Advances in fetal diagnosis now allow a wide variety of conditions to be diagnosed prenatally. Many pediatric centers have developed fetal medicine centers to make such diagnoses and to counsel parents about available options. In utero interventions raise a number of ethical questions.1 It is difficult to do rigorous clinical trials on fetal interventions. Even when such trials are done, the results are not easily generalizable.2 The issues are even tougher when there is intra-professional disagreement about the indications for intervention, leaving parents confused about the best choice for their infant and their family. We present a case in which doctors and parents faced such a situation. The doctors, the parents, and other experts comment on the ethical issues raised by this case.
The Case
A pregnant woman in her second trimester was referred to a fetal health center for a possible fetal cardiac intervention. Imaging revealed critical pulmonary valve stenosis, a mildly hypoplastic tricuspid valve with limited antegrade flow and upper mild regurgitation, and a mildly hypoplastic and moderately hypertrophied right ventricle (RV) with depressed systolic function. The pulmonary valve was severely stenotic with mild annular hypoplasia, minimal antegrade flow, and no regurgitation. The pulmonary arteries were predominantly supplied by retrograde ductal flow. Multiple coronary fistulae communicating with the RV were present. There were no ventricular septal defects. The diagnosis was critical pulmonary valve stenosis with intact ventricular septum.
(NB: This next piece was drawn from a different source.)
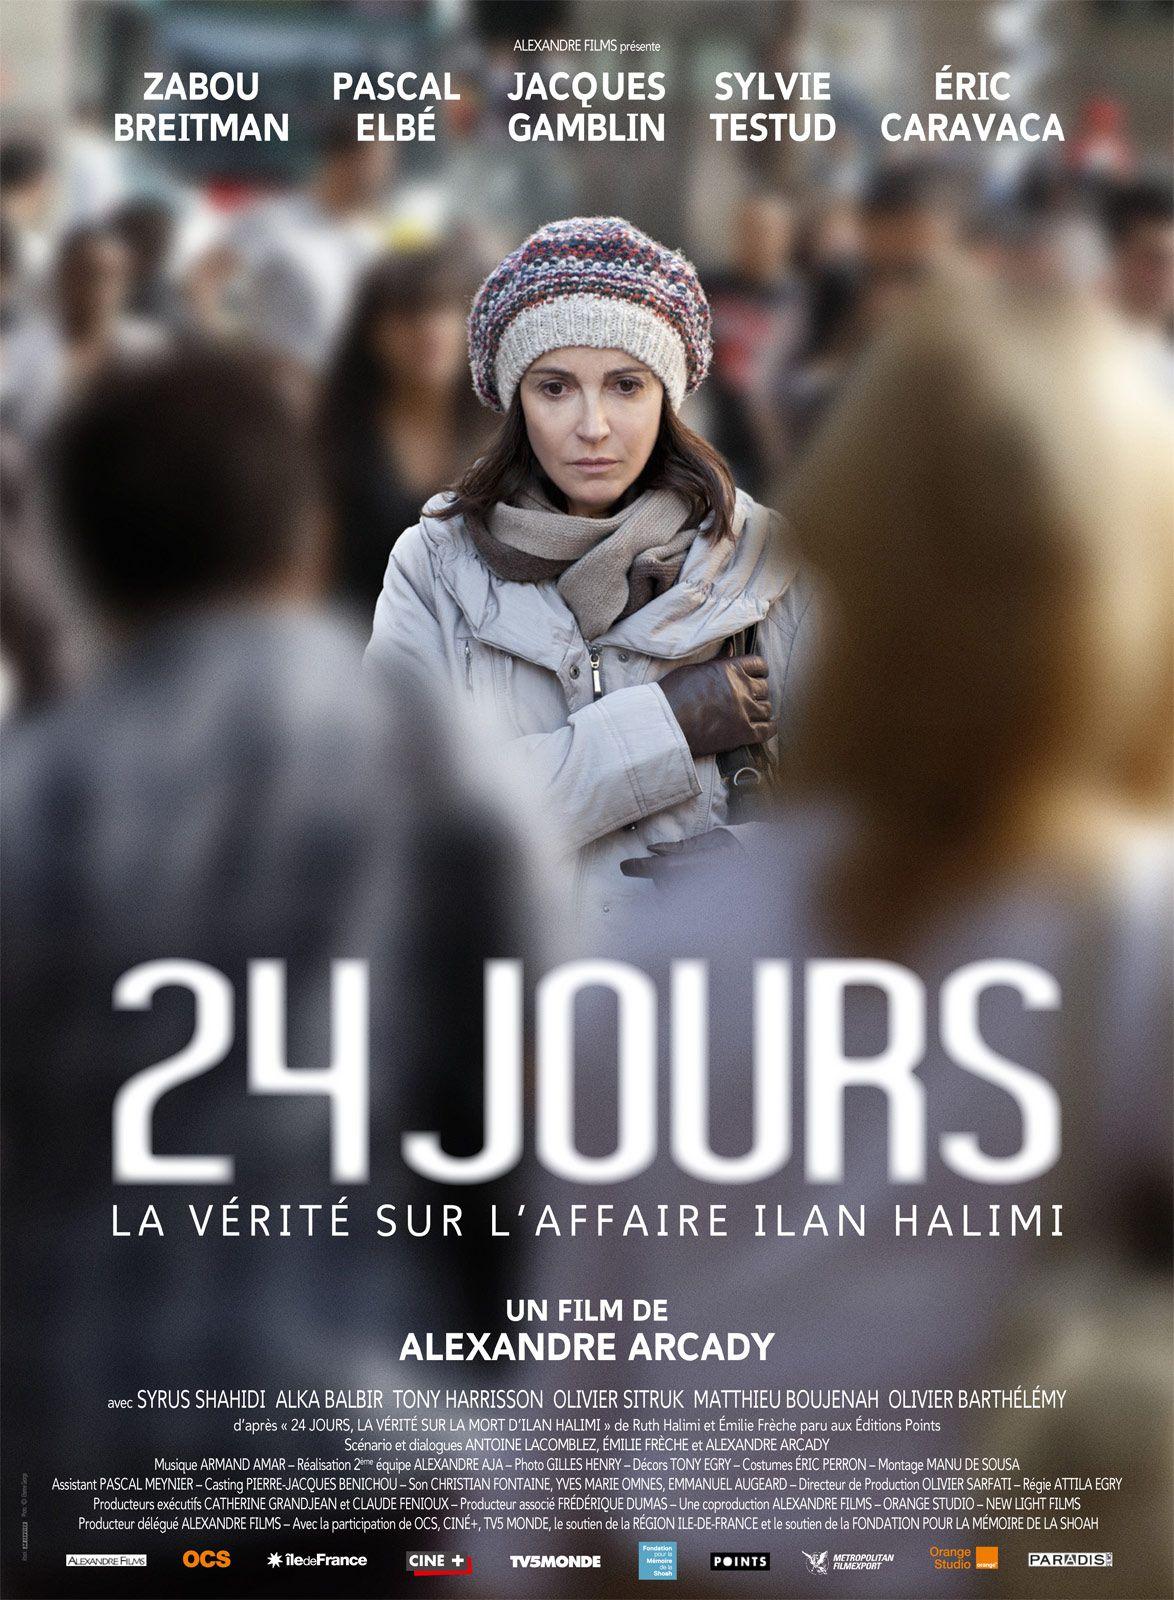 styles de variété de 2019 tout à fait stylé 2019 original 24 jours, la vérité sur l'affaire Ilan Halimi - Film (2014)

The outcome was difficult to predict.
The fetal cardiologists discussed with the parents the possibility of an experimental procedure, a pulmonary valvuloplasty, wherein the fetal RV would be punctured with a long 18G needle, and through it, a wire advanced across the pulmonary valve, allowing for balloon dilation of the valve. They had never performed this procedure before but a handful of centers had reported some success.
The couple sought a second opinion at one of those centers. There, the cardiologists recommended against the procedure because the tricuspid valve annulus was only mildly hypoplastic and growing. In their opinion, this was a promising sign that the infant might have a good postnatal prognosis. Thus, they thought the risks of a prenatal procedure outweighed the benefits. The family was dissatisfied with this recommendation. They returned to the original center and requested that the procedure be done there. On repeat echocardiogram, the coronary fistulae were larger. This made the procedure somewhat riskier, because piercing one of those fistulae would likely result in catastrophic bleeding.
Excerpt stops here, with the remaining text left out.